I believe you are asking about Speech Recognition programs (multi-tasking, 
which is how the question reads, is a whole different answer).  Today, 
there are a number of such programs available for the PC.  The major ones 
include Dragon System's and L&H Voice Express.  IBM has one, etc.

They all work the same way.  All [spoken] languages consist of "phonemes" 
(you might consider them "letters") which, when put together, form spoken 
words.  In English there are 42-44 (depending on what book you read) of 
them.  (Other languages have more or less of them).  The speech recognition 
program examines the input (from a microphone, usually), and acts like a 
spelling checker, looking up words in a "dictionary".  Like all spelling 
checkers, if it does not find a "word" it asks if that word should be added 
to the dictionary (this is the "learning" step in your program).  If it 
does find the word, it "builds" a command line based on "replacement 
values" for the "words" you supplied in the input.  When you are done, it 
passes them on to the command processor, as if you had typed them.

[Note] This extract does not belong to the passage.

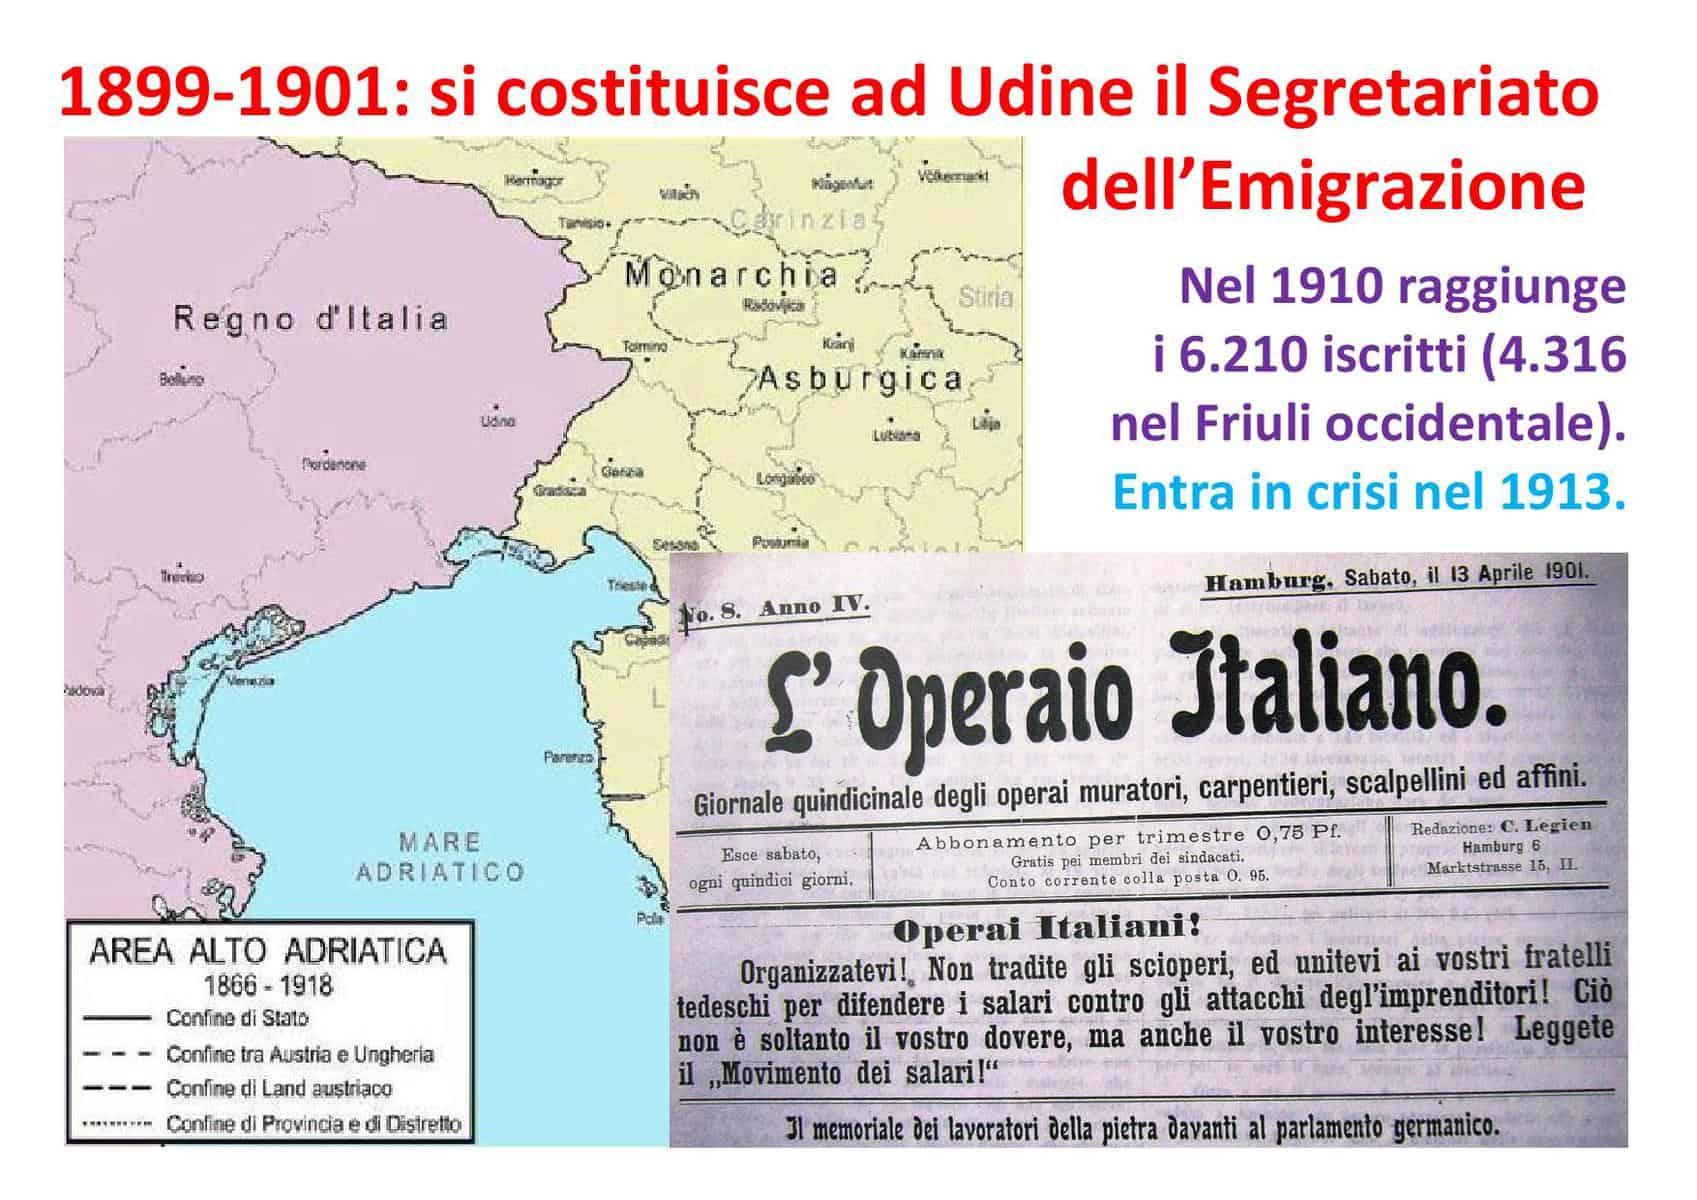 Carpentieri Edili In Svizzera 1919 – 2019: 100 anni per il futuro. dal 1919 al 1953: le

The task gets a little bit more complicated with the various Chinese 
dialects, because they also add in the concept of "tone".

The interesting work is not so much in the Phenome breakdown, and 
dictionary lookup, but rather in the filtering needed to "smooth out" the 
words so that different people may have their speech recgnized too, and at 
different speeds.  Also, just as Grammer Checkers are becoming better today 
(with checking syntax), Speech Recognition programs may improve by checking 
the synatax (and even the symantics!) of the spoken phrase.

Personally, I'd rather type, but then again, I keep away from GUI's too!